ReceiveFromAsync leaking SocketAsyncEventArgs?

I have a client application that receives video stream from a server via UDP or TCP socket.
Originally, when it was written using .NET 2.0 the code was using BeginReceive/EndReceive and IAsyncResult.
The client displays each video in it's own window and also using it's own thread for communicating with the server.
However, since the client is supposed to be up for a long period of time, and there might be 64 video streams simultaneously, there is a "memory leak" of IAsyncResult objects that are allocated each time the data receive callback is called.
This causes the application eventually to run out of memory, because the GC can't handle releasing of the blocks in time.

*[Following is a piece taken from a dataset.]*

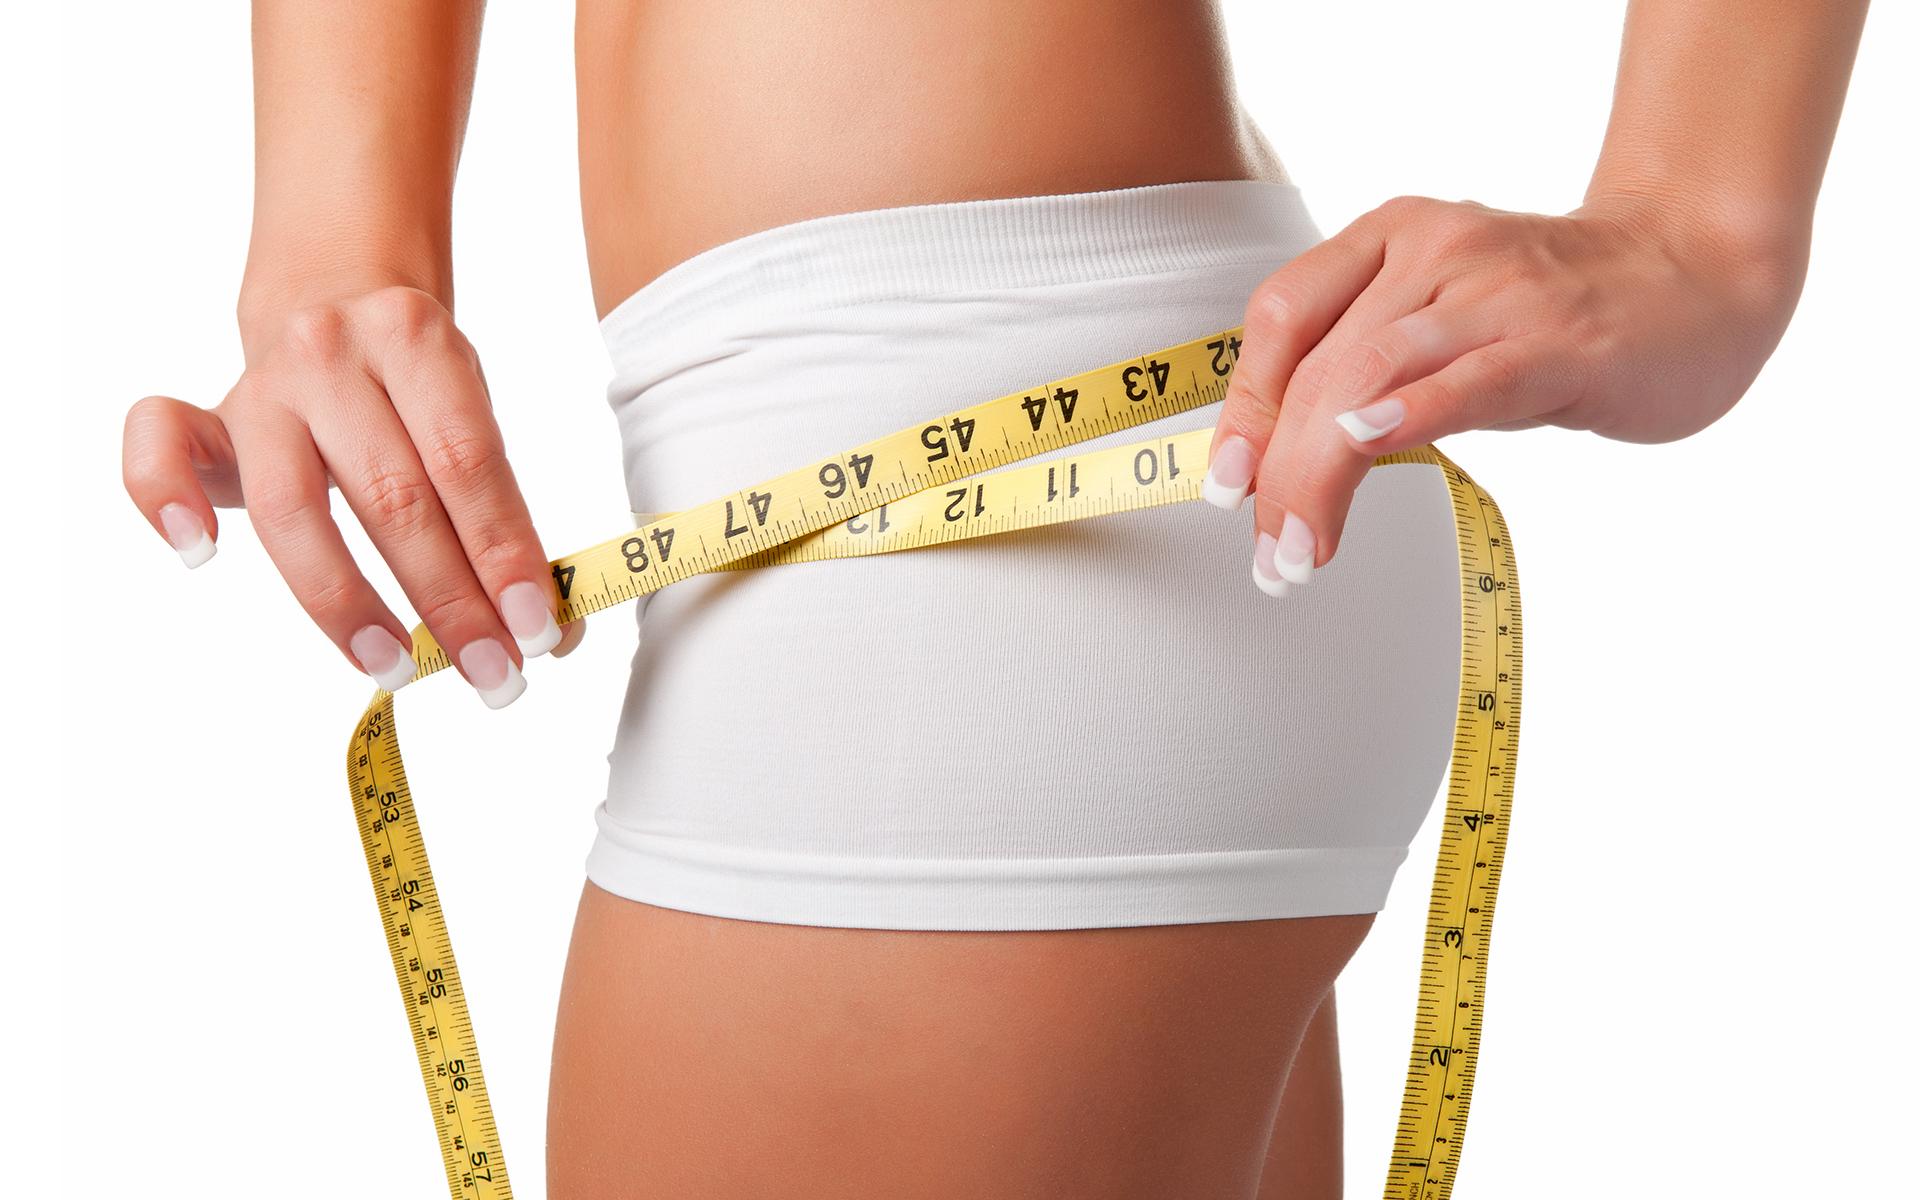 43 și doresc să slăbească pierdere în greutate metabolică omaha
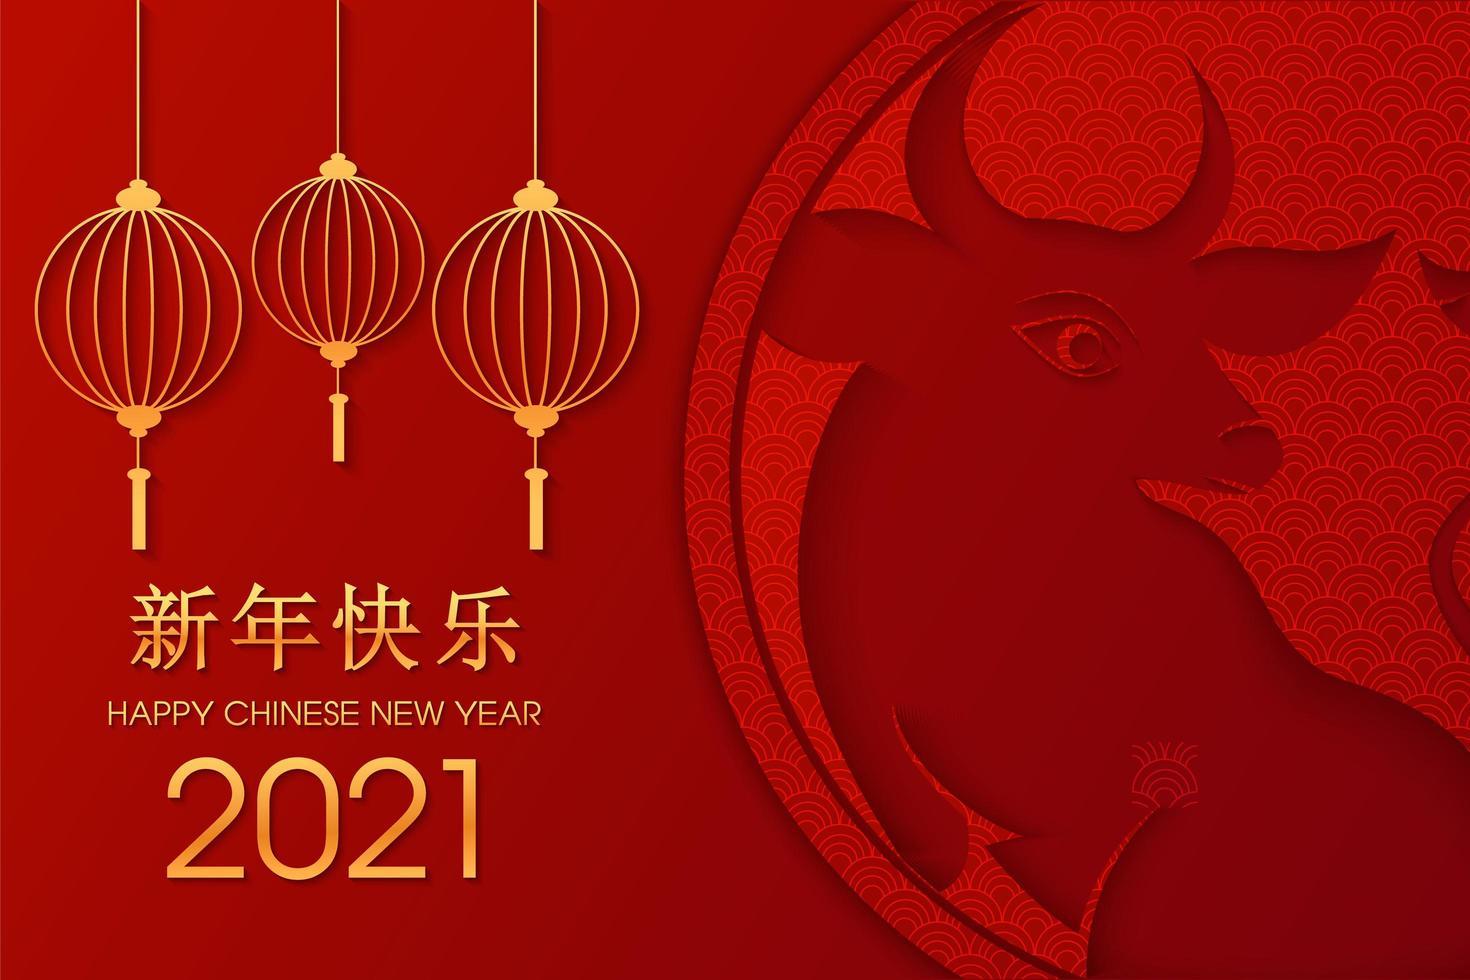 nouvel an chinois 2021 année du bœuf vecteur

I verified this using VS 2010 Performance Analyzer.
So I modified the code to use SocketAsyncEventArgs and ReceiveFromAsync (UDP case).
However, I still see a growth in memory blocks at:
System.Net.Sockets.Socket.ReceiveFromAsync(class System.Net.Sockets.SocketAsyncEventArgs)
I've read all the samples and posts about implementing the code, and still no solution.
Here's how my code looks like:
// class data members
private byte[] m_Buffer = new byte[UInt16.MaxValue];
private SocketAsyncEventArgs m_ReadEventArgs = null;
private IPEndPoint m_EndPoint; // local endpoint from the caller
Initializing:
m_Socket = new Socket(AddressFamily.InterNetwork, SocketType.Dgram, ProtocolType.Udp);
m_Socket.Bind(m_EndPoint);
m_Socket.SetSocketOption(SocketOptionLevel.Socket, SocketOptionName.ReceiveBuffer, MAX_SOCKET_RECV_BUFFER);
//
// initalize the socket event args structure.
//
m_ReadEventArgs = new SocketAsyncEventArgs();
m_ReadEventArgs.Completed += new EventHandler<SocketAsyncEventArgs>(readEventArgs_Completed);
m_ReadEventArgs.SetBuffer(m_Buffer, 0, m_Buffer.Length);
m_ReadEventArgs.RemoteEndPoint = new IPEndPoint(IPAddress.Any, 0);
m_ReadEventArgs.AcceptSocket = m_Socket;
Starting the read process:
bool waitForEvent = m_Socket.ReceiveFromAsync(m_ReadEventArgs);
if (!waitForEvent)
{
readEventArgs_Completed(this, m_ReadEventArgs);
}
Read completion handler:
private void readEventArgs_Completed(object sender, SocketAsyncEventArgs e)
{
if (e.BytesTransferred == 0 || e.SocketError != SocketError.Success)
{
//
// we got error on the socket or connection was closed
//
Close();
return;
}
try
{
// try to process a new video frame if enough data was read
base.ProcessPacket(m_Buffer, e.Offset, e.BytesTransferred);
}
catch (Exception ex)
{
// log and error
}
bool willRaiseEvent = m_Socket.ReceiveFromAsync(e);
if (!willRaiseEvent)
{
readEventArgs_Completed(this, e);
}
}
Basically the code works fine and I see the video streams perfectly, but this leak is a real pain.
Did I miss anything???
Many thanks!!!
Instead of recursively calling readEventArgs_Completed after !willRaiseEvent use goto to return to the top of the method. I noticed I was slowly chewing up stack space when I had a pattern similar to yours.